Tuesday, August 2, 2011

Blog, Were they just fishermen? John 1

     We always hear that Jesus used "fishermen and tax collectors", right? Recently I've been reading in the book of John for my study time and I'm realizing they weren't just "fishermen", these were men that were searching for their "Messiah".
     John and Andrew were disciples of John the Baptist who was *"a voice of one crying in the wilderness, MAKE STRAIGHT THE WAY OF THE LORD", so they were already seeking. When Jesus came to be baptized by John the Baptist the two(John and Andrew) recognized and started following him. Next they told Simon(Peter) "we have found the Messiah", Simon Peter understood immediately who they had found, he didn't question them, he KNEW who and what they had all been searching for!
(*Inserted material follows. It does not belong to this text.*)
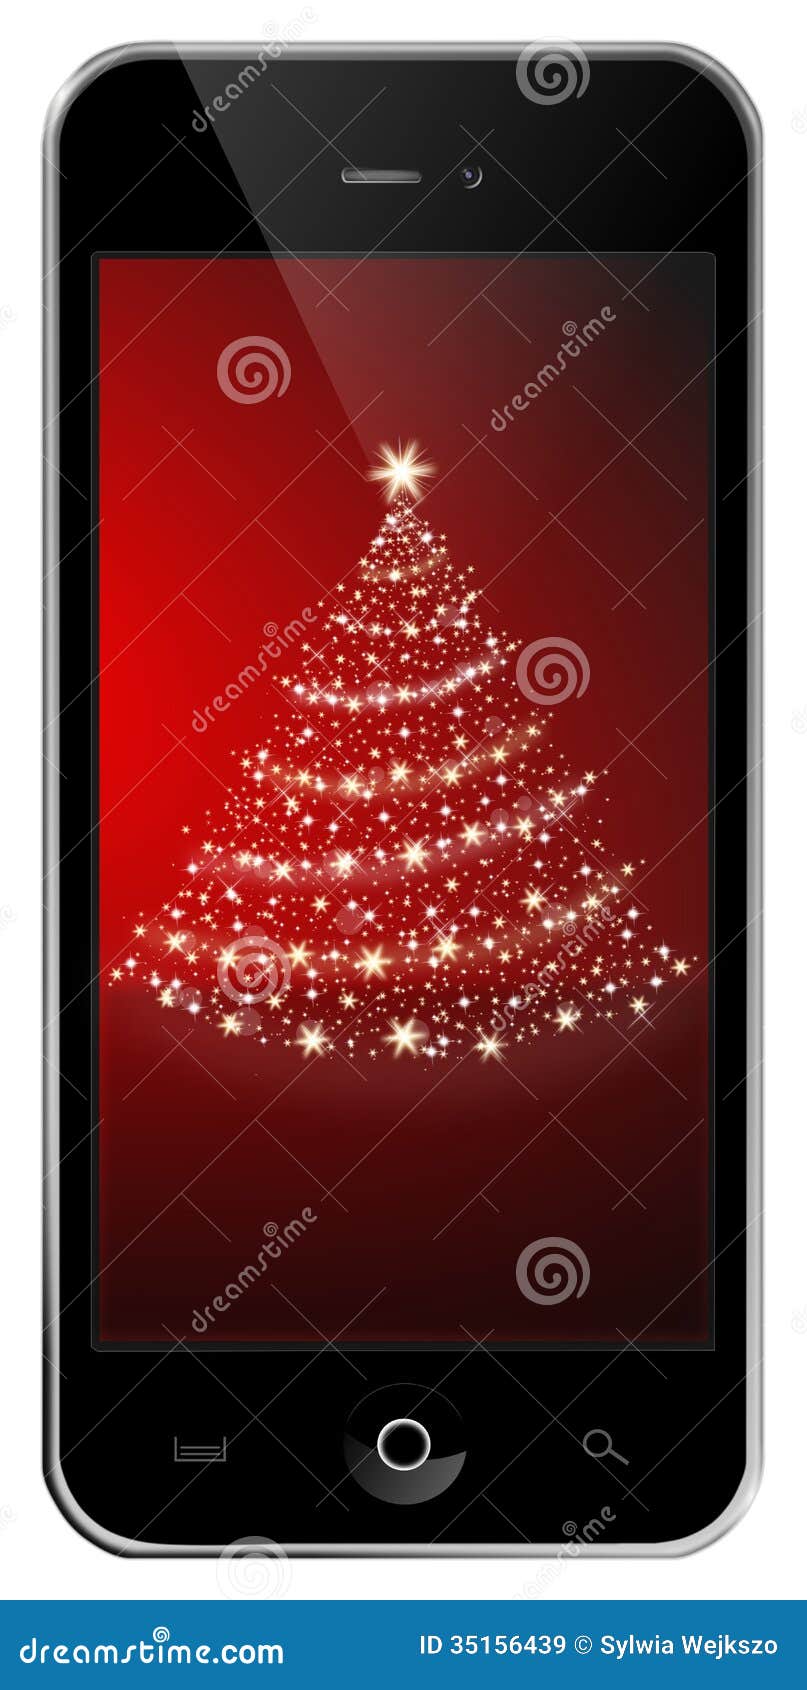 Mobile Phone With A Christmas Tree Stock Image - Image of tree, glowing ...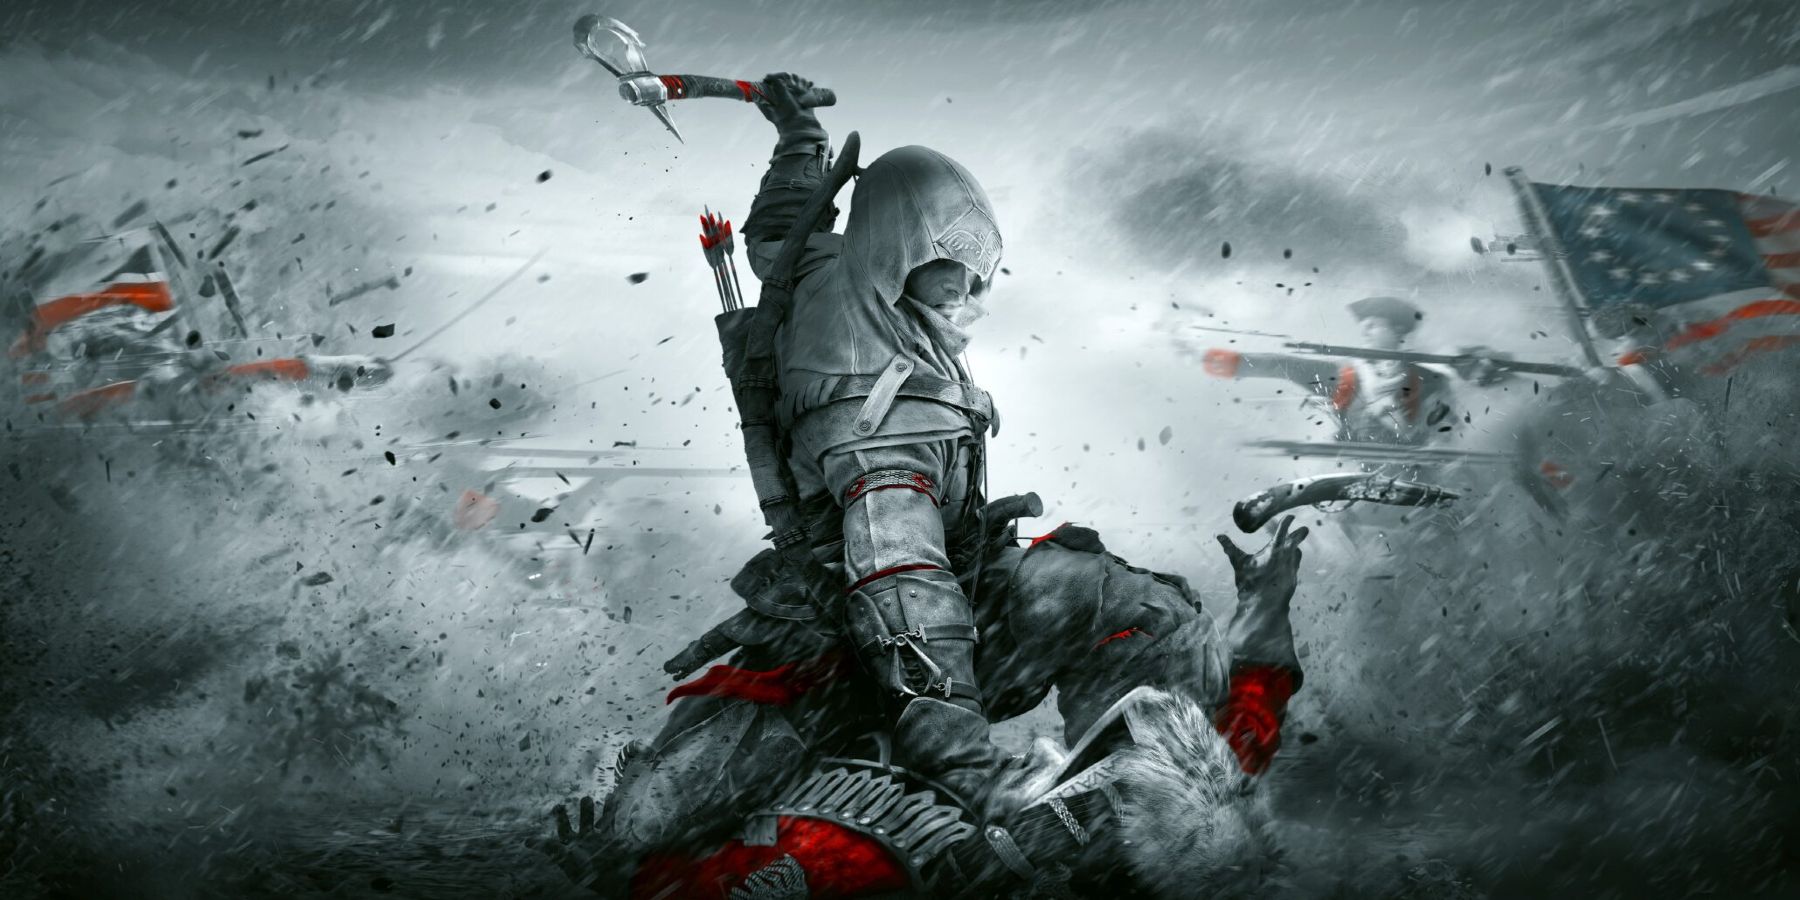 A promotional image for Ubisoft's Assassin's Creed 3.

     If they were just fishermen for their self support, they were more, they were also men hungry in their spirits for God. They were not only searching for God, they were men ready to drop everything to follow where He would lead, they weren't just living day to day, catching fish, selling fish, catching more fish, selling more fish.
     I can relate to these men much more than the idea of "just fishermen", these men were like many people I know now, people searching for God, eagerly waiting, hungering, pressing in. He can use all of us, if we seek Him and if we're willing to turn and follow where He leads.